Wen Ting mengernyit heran, “Kamu mau masuk ke mana?”
“Ruang rahasia tuan besar.” Jawab Xiao Jun singkat.
“Baiklah, pengawalku sebagian akan ikut ke dalam bersamamu.” Perintah Wen Ting, ia tak ingin dibantah sehingga
Xiao Jun pun hanya mengangguk pasrah.
Xiao Jun menyuruh Wen Ting dan pengikutnya mundur menjauh dari singgasana itu, ia pun tak yakin apa
perkiraannya tepat. Daripada menelan lebih banyak korban dari percobaan ini, lebih baik mengantisipasi mereka ke tempat yang lebih aman.

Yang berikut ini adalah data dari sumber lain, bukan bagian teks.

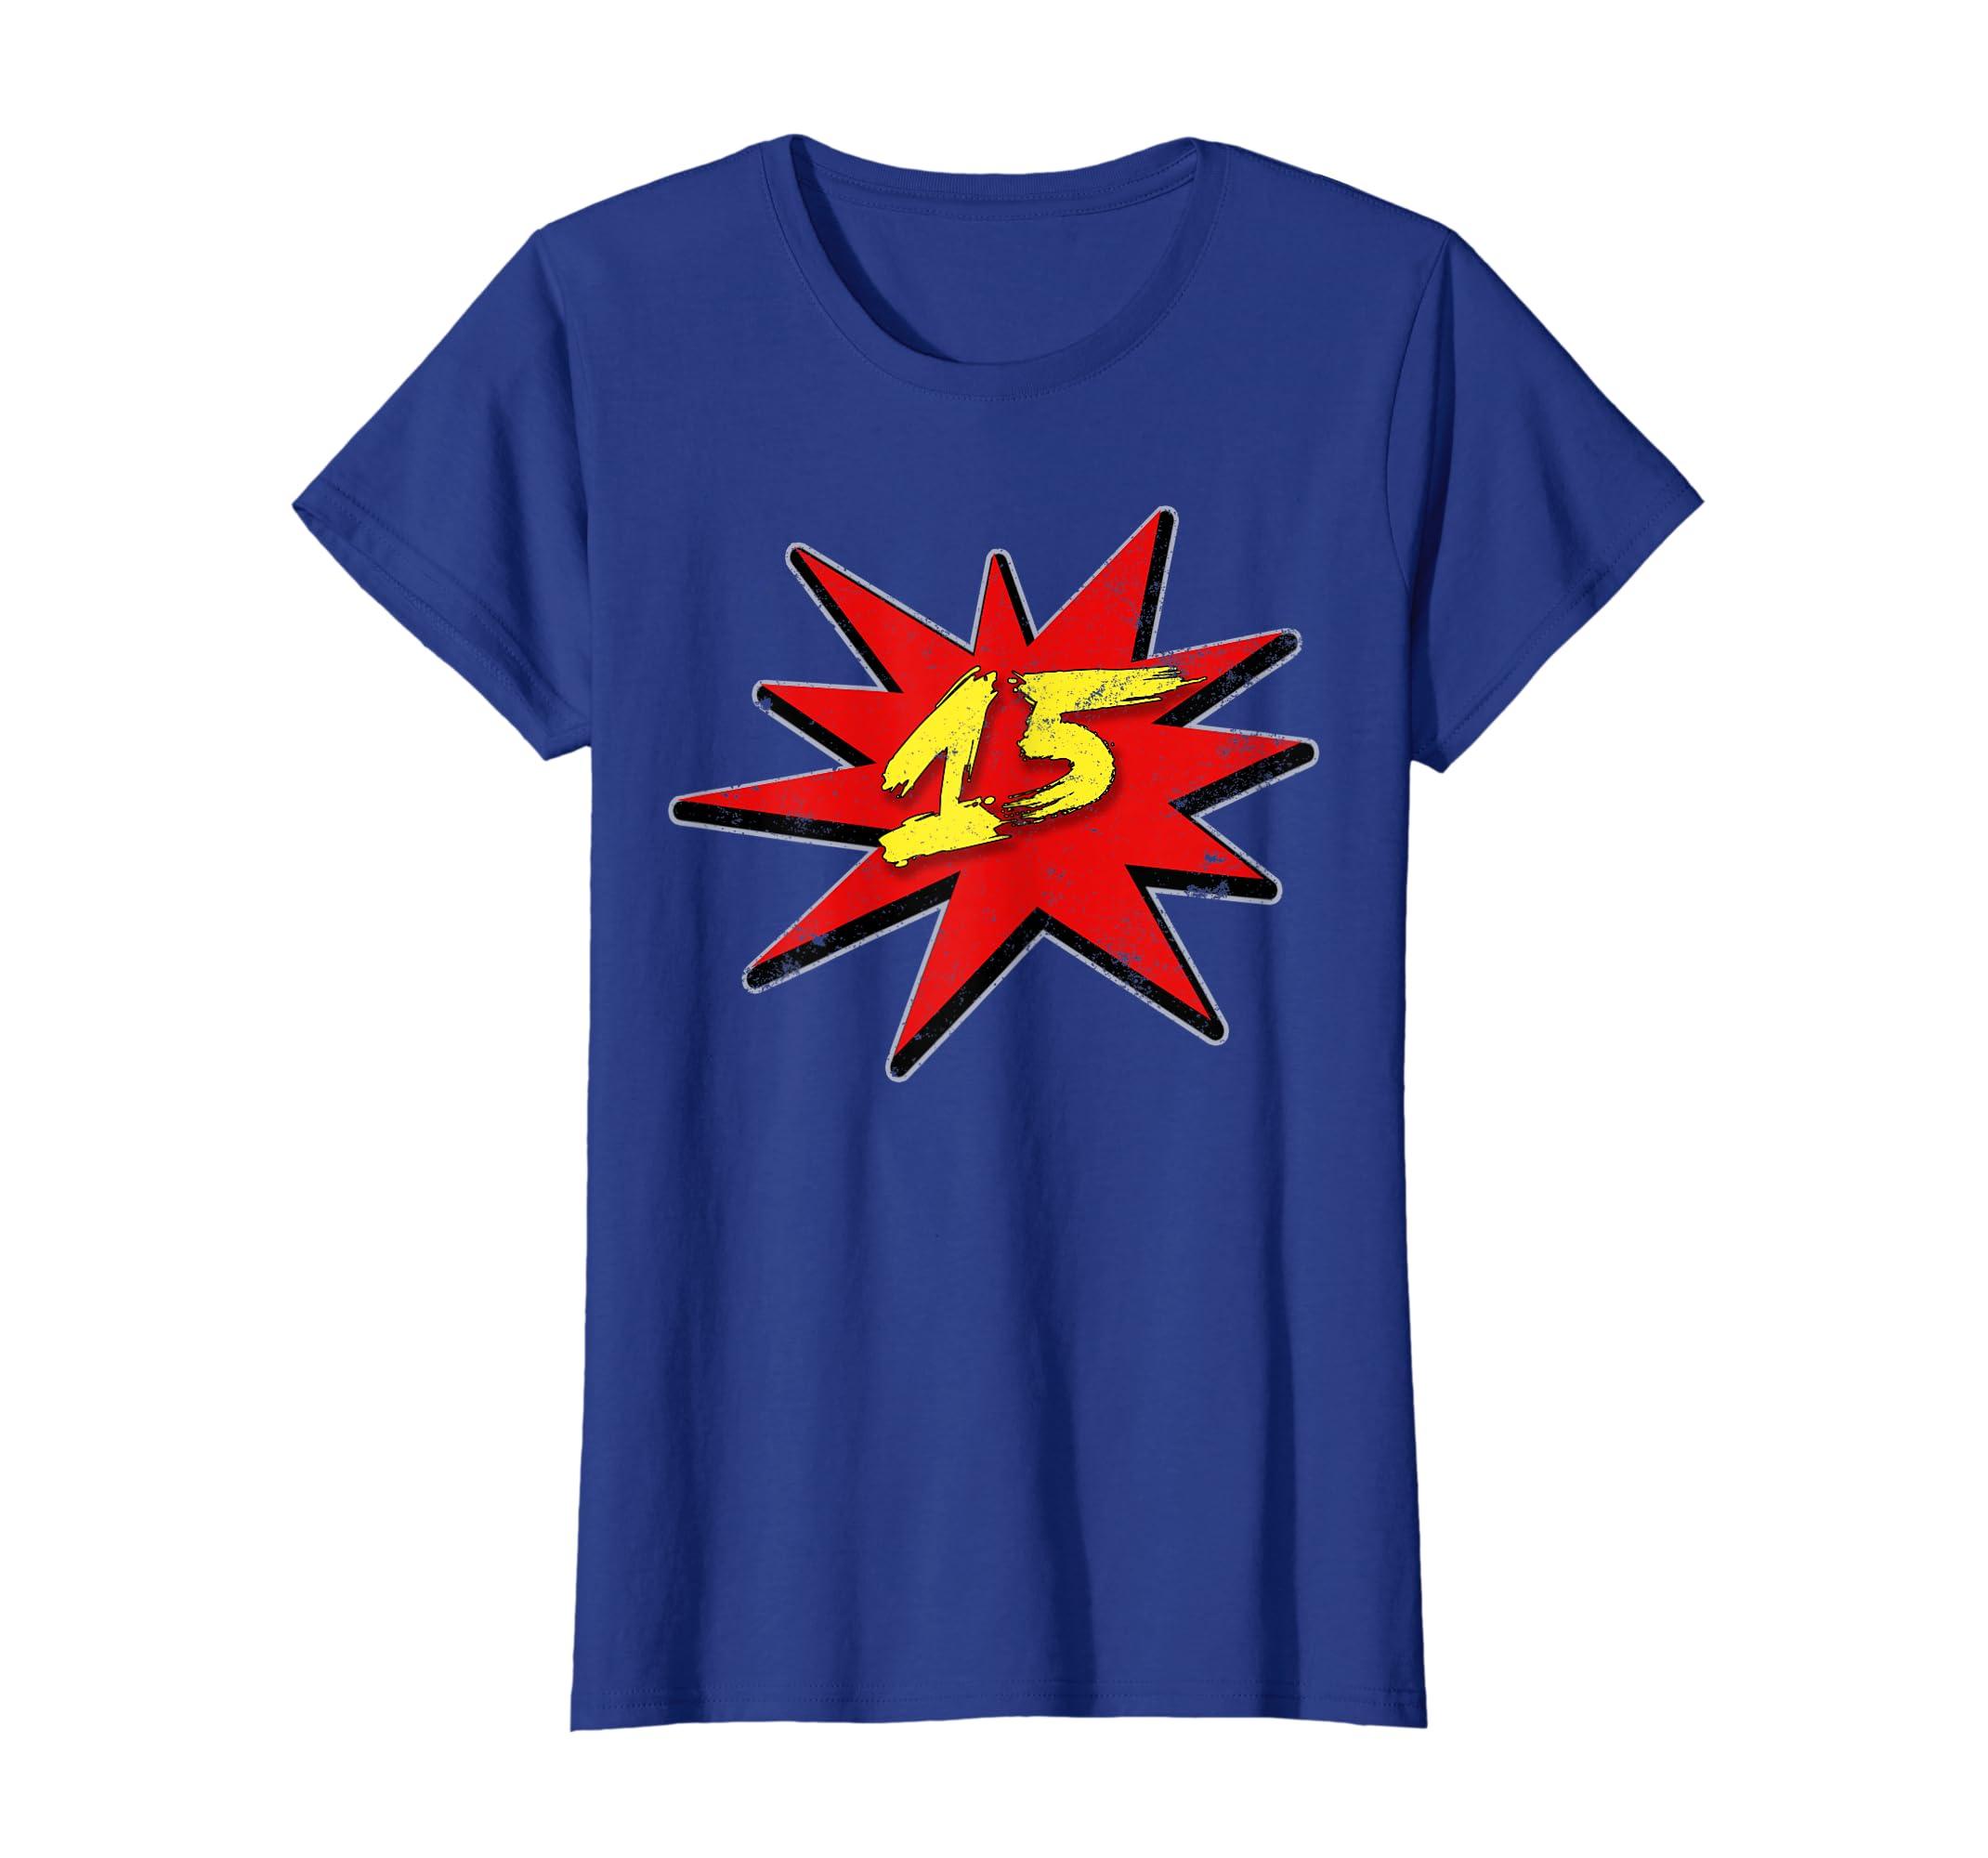 Amazon 15 Year Old Birthday Gift For Boy Girl Clothing

“Paman, bersiaplah aku akan mencobanya.” Ujar Xiao Jun pada Lau di sampingnya. Pengawal tua itu hanya
mengangguk patuh pada tuannya.
Perlahan Xiao Jun mengarahkan jari telunjuk dan jari tengahnya bersamaan menyentuh bola mata itu, tak seperti
dugaannya ternyata kayu itu terasa lunak dan tekanan jari itu terbenam. Getaran terasa kencang pada lantai yang dipijak Xiao Jun hingga mereka yang berdiri di sana mulai ketakutan. Dalam hitungan detik, dinding belakang kursi itu bergeser perlahan seperti membuka pintu penghubung ruangan lain.
Wen Ting yang menyaksikan dalam jarak empat meter pun tersentak kaget ketika Xiao Jun serta pengikutnya menghilang terbawa dinding yang bergeser itu. Setelah mereka menghilang, dinding serta tampilan singgasana itu kembali terlihat biasa.